» What to produce
Below this sentence is a listing; return exactly its lines from the one with "Pavimentos de hormigon fratasado" to the one with "Pyjamas Passe-Carreau", both kept, and nothing more.

» Records for processing
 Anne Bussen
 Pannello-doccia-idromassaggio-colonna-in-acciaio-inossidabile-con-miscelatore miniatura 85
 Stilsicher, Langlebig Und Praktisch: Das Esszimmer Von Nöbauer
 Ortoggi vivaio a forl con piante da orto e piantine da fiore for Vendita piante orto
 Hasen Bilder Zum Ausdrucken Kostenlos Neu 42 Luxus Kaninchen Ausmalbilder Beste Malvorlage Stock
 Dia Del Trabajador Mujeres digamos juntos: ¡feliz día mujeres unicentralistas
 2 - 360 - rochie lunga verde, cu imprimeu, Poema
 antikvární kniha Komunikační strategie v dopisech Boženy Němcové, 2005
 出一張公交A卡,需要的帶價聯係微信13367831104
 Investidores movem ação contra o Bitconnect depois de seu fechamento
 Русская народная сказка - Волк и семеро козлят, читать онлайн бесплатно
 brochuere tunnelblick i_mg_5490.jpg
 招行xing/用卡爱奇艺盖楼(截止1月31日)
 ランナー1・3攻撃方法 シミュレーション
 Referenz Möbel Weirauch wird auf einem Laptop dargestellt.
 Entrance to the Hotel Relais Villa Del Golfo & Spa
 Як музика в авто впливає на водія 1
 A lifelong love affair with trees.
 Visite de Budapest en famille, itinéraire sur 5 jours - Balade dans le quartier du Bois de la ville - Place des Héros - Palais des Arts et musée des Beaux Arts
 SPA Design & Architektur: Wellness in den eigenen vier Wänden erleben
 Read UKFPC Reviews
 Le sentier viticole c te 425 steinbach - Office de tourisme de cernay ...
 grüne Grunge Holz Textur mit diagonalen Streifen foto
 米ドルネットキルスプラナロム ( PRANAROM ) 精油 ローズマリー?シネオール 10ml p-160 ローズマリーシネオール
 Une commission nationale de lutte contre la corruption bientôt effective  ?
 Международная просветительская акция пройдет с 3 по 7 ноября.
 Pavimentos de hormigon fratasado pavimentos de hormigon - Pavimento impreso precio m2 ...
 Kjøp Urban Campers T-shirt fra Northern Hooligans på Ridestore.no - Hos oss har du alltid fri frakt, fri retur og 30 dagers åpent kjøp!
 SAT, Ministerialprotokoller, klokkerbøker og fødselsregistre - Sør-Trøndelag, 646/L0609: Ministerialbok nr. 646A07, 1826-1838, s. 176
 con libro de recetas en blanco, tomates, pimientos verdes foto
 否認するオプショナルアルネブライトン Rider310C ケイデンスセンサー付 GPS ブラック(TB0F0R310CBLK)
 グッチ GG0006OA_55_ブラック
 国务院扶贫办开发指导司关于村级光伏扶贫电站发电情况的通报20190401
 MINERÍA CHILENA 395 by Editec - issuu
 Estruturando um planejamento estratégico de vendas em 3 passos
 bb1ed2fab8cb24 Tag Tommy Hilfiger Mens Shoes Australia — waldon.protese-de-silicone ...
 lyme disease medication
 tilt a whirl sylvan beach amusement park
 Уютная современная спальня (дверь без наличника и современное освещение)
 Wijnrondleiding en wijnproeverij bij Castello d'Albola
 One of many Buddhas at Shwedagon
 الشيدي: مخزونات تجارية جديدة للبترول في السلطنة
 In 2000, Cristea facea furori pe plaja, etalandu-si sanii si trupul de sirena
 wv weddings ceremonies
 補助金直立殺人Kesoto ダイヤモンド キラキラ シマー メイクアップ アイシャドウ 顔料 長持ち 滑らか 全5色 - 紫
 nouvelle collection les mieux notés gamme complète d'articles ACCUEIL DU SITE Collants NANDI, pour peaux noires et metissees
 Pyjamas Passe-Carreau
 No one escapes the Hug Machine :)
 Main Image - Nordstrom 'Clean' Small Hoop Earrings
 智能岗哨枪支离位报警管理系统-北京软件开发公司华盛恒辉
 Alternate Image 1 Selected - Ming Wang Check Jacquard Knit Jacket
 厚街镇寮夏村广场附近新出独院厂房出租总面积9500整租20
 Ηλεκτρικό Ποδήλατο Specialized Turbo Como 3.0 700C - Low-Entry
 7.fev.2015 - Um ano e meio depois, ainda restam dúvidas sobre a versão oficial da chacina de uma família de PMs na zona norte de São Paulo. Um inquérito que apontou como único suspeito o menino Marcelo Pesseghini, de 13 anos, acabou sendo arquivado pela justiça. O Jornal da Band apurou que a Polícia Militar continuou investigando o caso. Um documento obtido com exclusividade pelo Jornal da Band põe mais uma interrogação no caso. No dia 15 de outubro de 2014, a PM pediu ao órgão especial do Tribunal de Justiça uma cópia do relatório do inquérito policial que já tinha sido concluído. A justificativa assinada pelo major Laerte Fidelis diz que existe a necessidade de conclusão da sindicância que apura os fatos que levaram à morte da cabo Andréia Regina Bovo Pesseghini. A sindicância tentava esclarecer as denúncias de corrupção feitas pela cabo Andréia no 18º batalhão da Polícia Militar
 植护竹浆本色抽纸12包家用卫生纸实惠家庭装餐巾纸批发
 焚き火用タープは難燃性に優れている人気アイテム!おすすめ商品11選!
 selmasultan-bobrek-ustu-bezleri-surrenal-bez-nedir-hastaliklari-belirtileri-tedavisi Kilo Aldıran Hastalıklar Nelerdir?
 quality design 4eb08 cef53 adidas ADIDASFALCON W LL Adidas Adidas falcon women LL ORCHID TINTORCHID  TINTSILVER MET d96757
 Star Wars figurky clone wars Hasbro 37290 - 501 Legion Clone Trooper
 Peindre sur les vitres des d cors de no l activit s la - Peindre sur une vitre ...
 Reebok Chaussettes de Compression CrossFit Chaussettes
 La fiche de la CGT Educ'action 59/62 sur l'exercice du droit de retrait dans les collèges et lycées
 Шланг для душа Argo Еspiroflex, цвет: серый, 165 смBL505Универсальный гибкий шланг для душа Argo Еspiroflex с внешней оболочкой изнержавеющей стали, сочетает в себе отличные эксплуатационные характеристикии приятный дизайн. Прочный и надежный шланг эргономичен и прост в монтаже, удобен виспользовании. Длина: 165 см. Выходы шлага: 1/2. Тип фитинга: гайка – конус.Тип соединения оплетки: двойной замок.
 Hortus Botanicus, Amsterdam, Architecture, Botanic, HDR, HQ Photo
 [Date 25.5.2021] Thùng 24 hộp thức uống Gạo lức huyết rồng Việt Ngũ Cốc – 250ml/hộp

» Response
 Pavimentos de hormigon fratasado pavimentos de hormigon - Pavimento impreso precio m2 ...
 Kjøp Urban Campers T-shirt fra Northern Hooligans på Ridestore.no - Hos oss har du alltid fri frakt, fri retur og 30 dagers åpent kjøp!
 SAT, Ministerialprotokoller, klokkerbøker og fødselsregistre - Sør-Trøndelag, 646/L0609: Ministerialbok nr. 646A07, 1826-1838, s. 176
 con libro de recetas en blanco, tomates, pimientos verdes foto
 否認するオプショナルアルネブライトン Rider310C ケイデンスセンサー付 GPS ブラック(TB0F0R310CBLK)
 グッチ GG0006OA_55_ブラック
 国务院扶贫办开发指导司关于村级光伏扶贫电站发电情况的通报20190401
 MINERÍA CHILENA 395 by Editec - issuu
 Estruturando um planejamento estratégico de vendas em 3 passos
 bb1ed2fab8cb24 Tag Tommy Hilfiger Mens Shoes Australia — waldon.protese-de-silicone ...
 lyme disease medication
 tilt a whirl sylvan beach amusement park
 Уютная современная спальня (дверь без наличника и современное освещение)
 Wijnrondleiding en wijnproeverij bij Castello d'Albola
 One of many Buddhas at Shwedagon
 الشيدي: مخزونات تجارية جديدة للبترول في السلطنة
 In 2000, Cristea facea furori pe plaja, etalandu-si sanii si trupul de sirena
 wv weddings ceremonies
 補助金直立殺人Kesoto ダイヤモンド キラキラ シマー メイクアップ アイシャドウ 顔料 長持ち 滑らか 全5色 - 紫
 nouvelle collection les mieux notés gamme complète d'articles ACCUEIL DU SITE Collants NANDI, pour peaux noires et metissees
 Pyjamas Passe-Carreau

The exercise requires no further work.